2 thoughts on “Making Decisions Under Conditions of Ignorance”

  1. I’ve been following along here, and I think I’m inclined to object a bit on the Schrödinger analogy, but that’ll keep for another time.

    I thought about your series a great deal yesterday during my 10 hour ordeal mediating a $4M lawsuit. Both sides were dealing with ignorance, uncertainty, communication, and prediction, trying to influence one another into making a more favorable decision.

    Although we had documented damages of $4M, opposing counsel attacked the calculations, going so far as to construct a scenario where we had not been harmed, but actually benefited by their client’s negligence. (“I actually SAVED you money by running over your puppy! Future costs of vet bills, dog food, chew toys, etc.”)

    The presentation of the calculations was designed to be as confusing, as a preview of what they would do to a jury.

    So that was an effort to create uncertainty.

    We were ignorant of the amount remaining on their client’s insurance policy, and the nature of the coverage. We learned the balance remaining, and that it was an erosive benefit. The erosive benefit was the critical piece of information, because that drove one element of the prediction of what we might be likely to recover at trial. (Policy limits – trial costs). That figure created our “floor.”

    We were also ignorant of what the insurance adjustor’s top figure was in settling the case. A kibuki dance of offers and counter-offers, and then “brackets” ensues to indirectly communcate that figure.

    The adjustor’s goal is to spend the least amount of money possible. Were we to go to trial, we’d likely recover our “floor,” but the adjustor would exhaust the policy in defending the case. There were also threats of “offers of judgment,” wherein the prevailing party, if their offer of judgment was rejected, could recover attorney’s fees – thus increasing each side’s potential risk. This is where you want good attorneys.

    At the end of a 10 hour day, we seemed to reach an agreement, the insurance company is “considering” it and has a week to agree. The figure was our floor, plus $20K – likely our costs in the current month. And either $25K under or over what adjustor’s maximum was, based on his guidance – we remain uncertain about that. The kibuki dance revealed the figure he would not exceed, though that itself was more of an inference.
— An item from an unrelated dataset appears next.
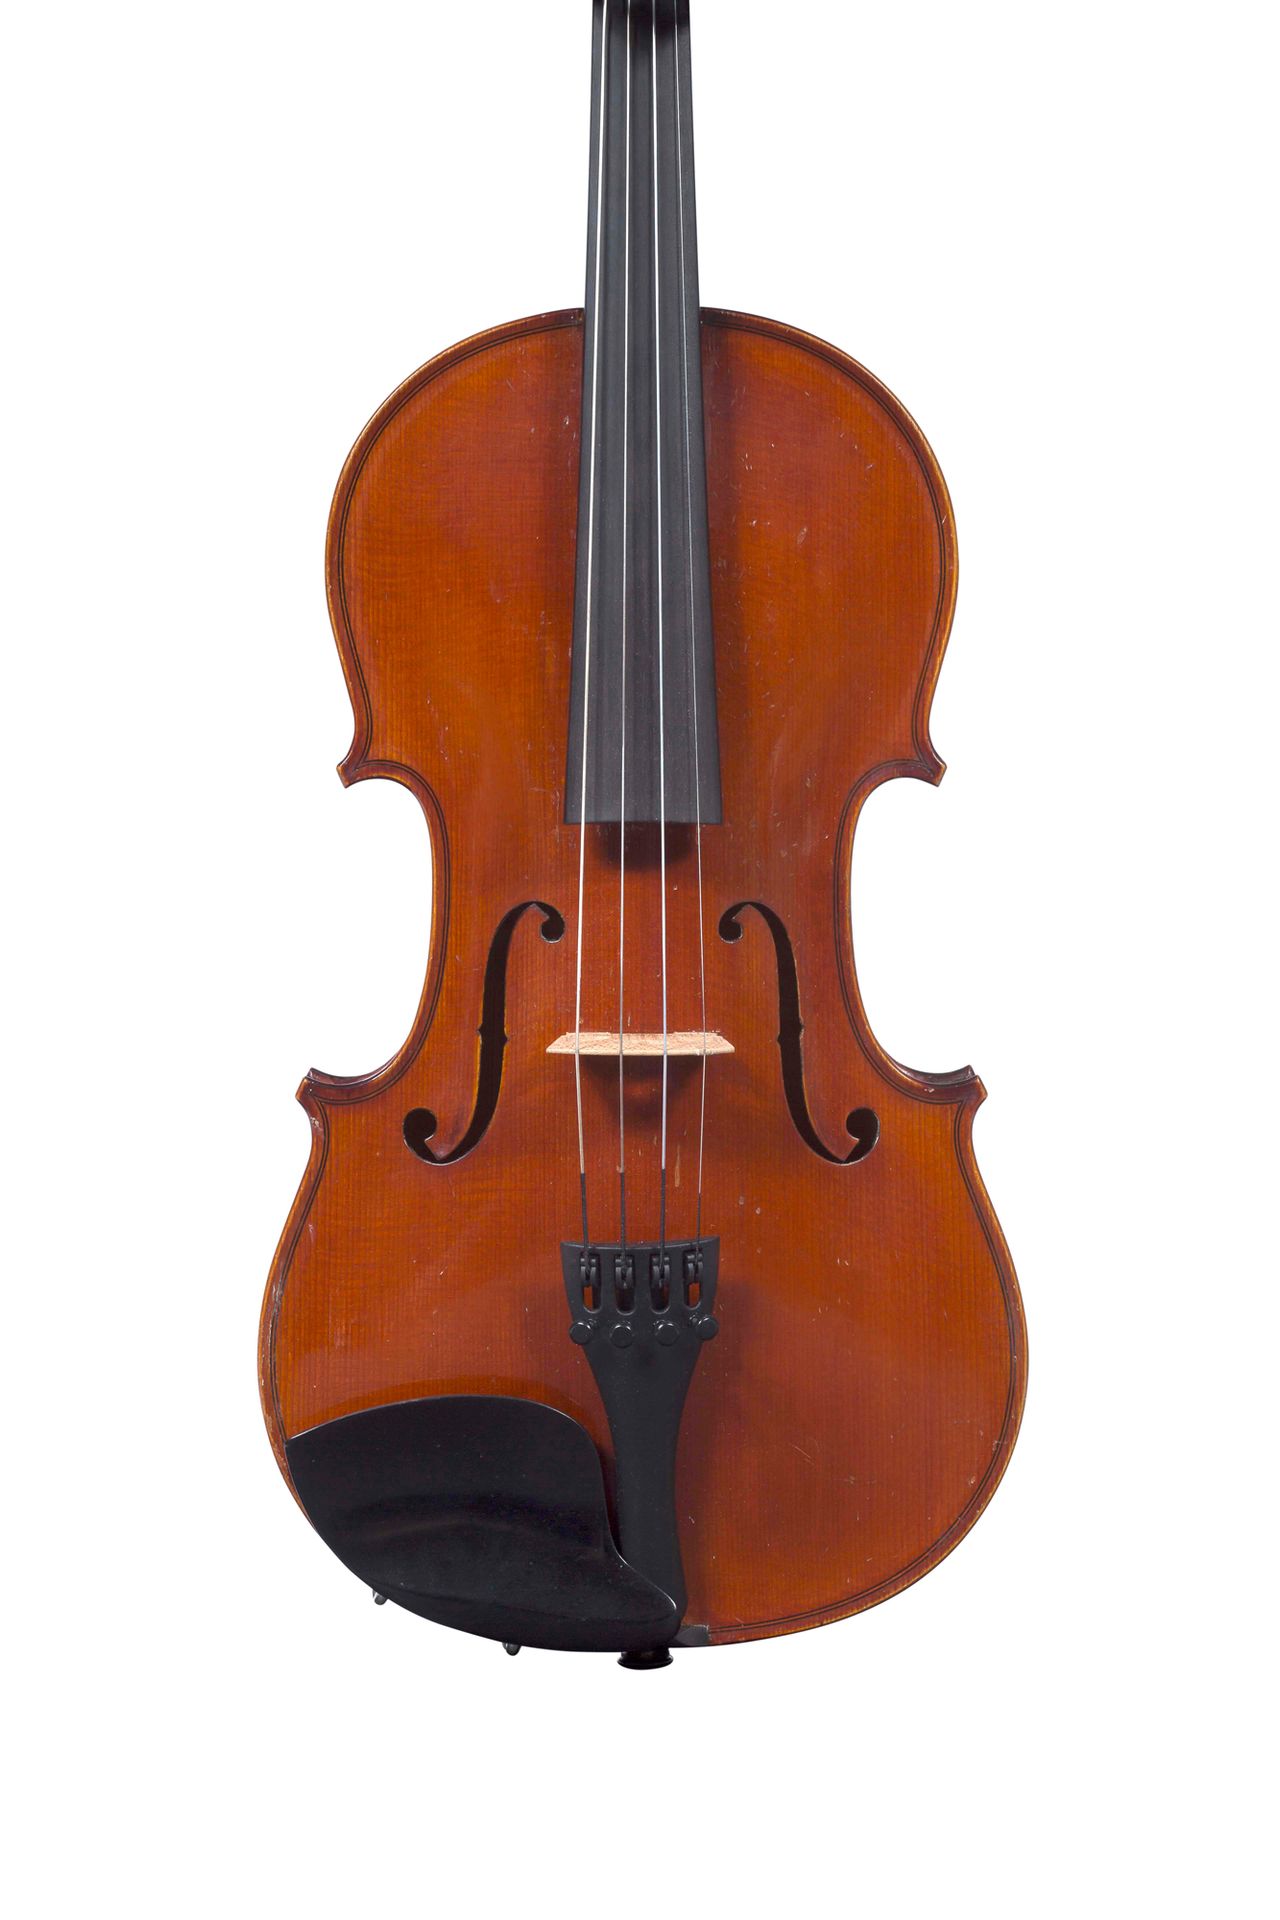 Null A French Violin by Auguste Delivet, Paris 1905

    It was an interesting and generally unsatisfying exercise – I don’t recommend it to anyone. But all of the factors you discuss here were in play.

  2. I think I like the cat only because its a quirky classical example of uncertainty. There’s been debate for over 100 years on the source of the uncertainty ranging from the physical equations to common sense. I find it interesting that it was originally proposed as a counter example to defend a naturalistic view of uncertainty and dispel the oddness of quantum theory.

    You can create uncertainty in the clockwork universe of a computer. Its probably a better laboratory for understanding how uncertainty arises.

    Your experience is one level up perhaps than what I’m writing about right now. When you starting adding in minds the uncertainty becomes compounded by the limitations we have in understanding ourselves plus the limitations in understanding other minds. Perhaps the most marvelous outcome of all of this is that we conscious humans can accomplish as much as we do.